Dental checkups. You should be brushing and flossing daily (check my previous post on my nightly routine to see what products I use). But going every six months for a thorough cleaning is equally important. You only get one set of these “luxury bones”, so treat them with respect.
It’s okay to go to urgent care. Even though I have a primary physician, every now and then I visit my local urgent care for things like Covid or a suspected sprain. They're popping up everywhere now, so learn where your nearest one is just in case you need it. A lot of insurance plans cover it with a copay that’s only slightly higher than your regular doctor’s office visit.
Mental health.

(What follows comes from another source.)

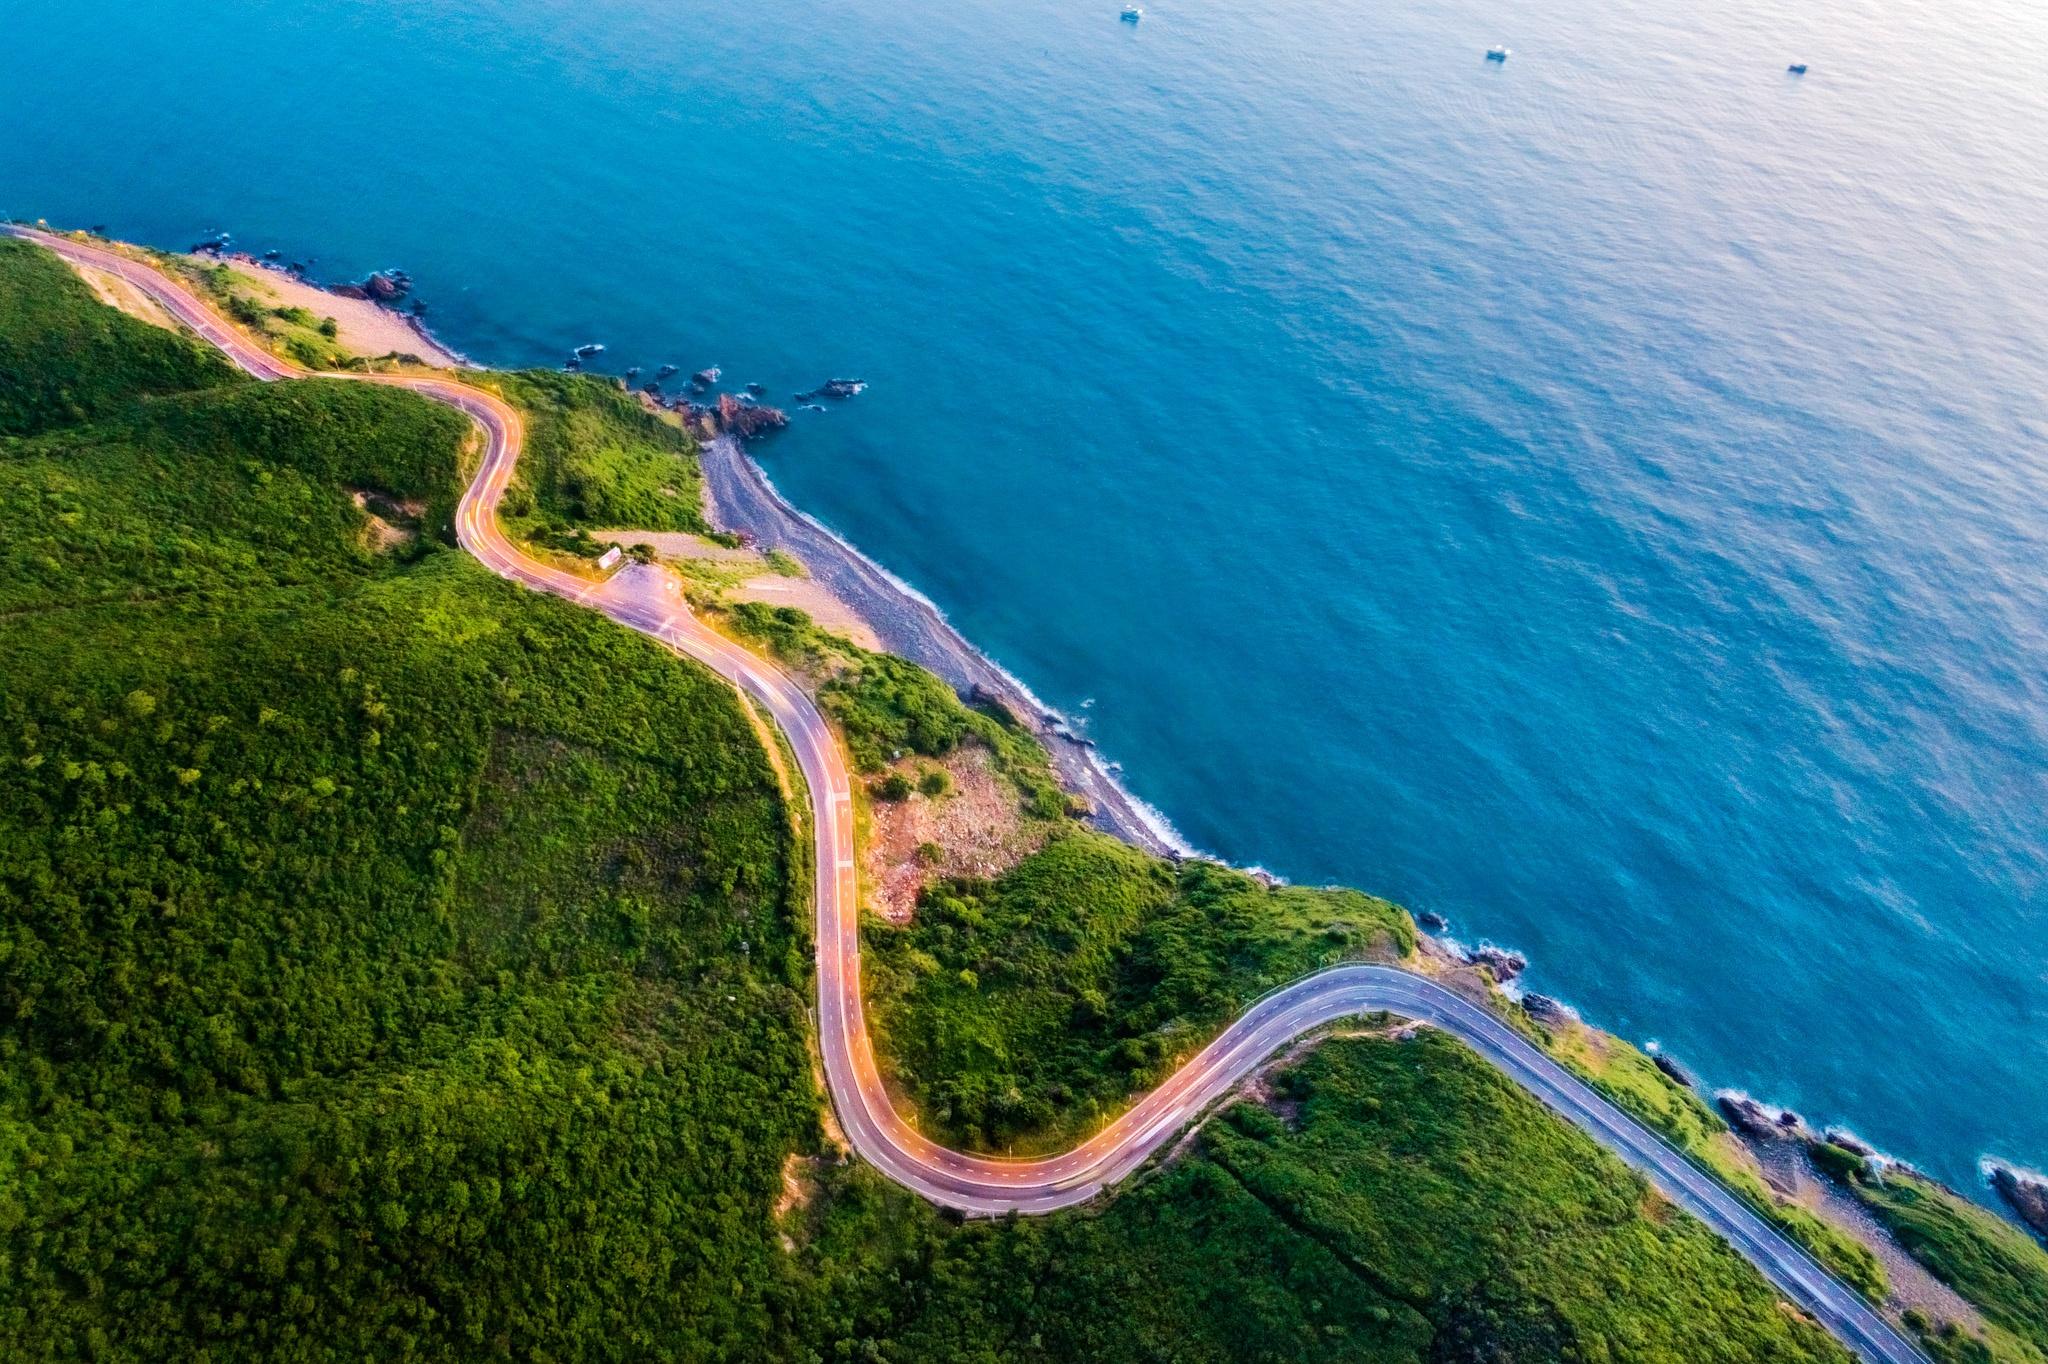 Chuyến đi mùa hè đến thiên đường biển đảo Nha Trang - Ảnh 8.

Check with your insurance benefits, because you may be eligible for talk therapy. I’ve found this to be very helpful; not everyone needs it (and not everyone needs it long-term) but it might be something you need to help you process certain life events.
How are you feeling right now? Take time to check in with yourself. This might be in the form of a journal or even just a quick breathing session. Take your pulse from time to time too. If you know your baseline it may make it easier to tell when something isn’t quite right.
Go outside. This could be linked with exercise ideas. Try to find opportunities to experience fresh air and a bit of nature. Even if you don’t live somewhere with a lot of green space, make a point to take at least a short walk as often as you can. This can often help you reset your thoughts if you've been feeling anxious.
Spend time with friends. Laughter really is the best medicine. One of life’s great privileges is being able to hang out with people who really get you. It is also very special to have people support you if you’re embarking on a health and wellness journey.
If you’ve made it this far, which of these suggestions would you like to try?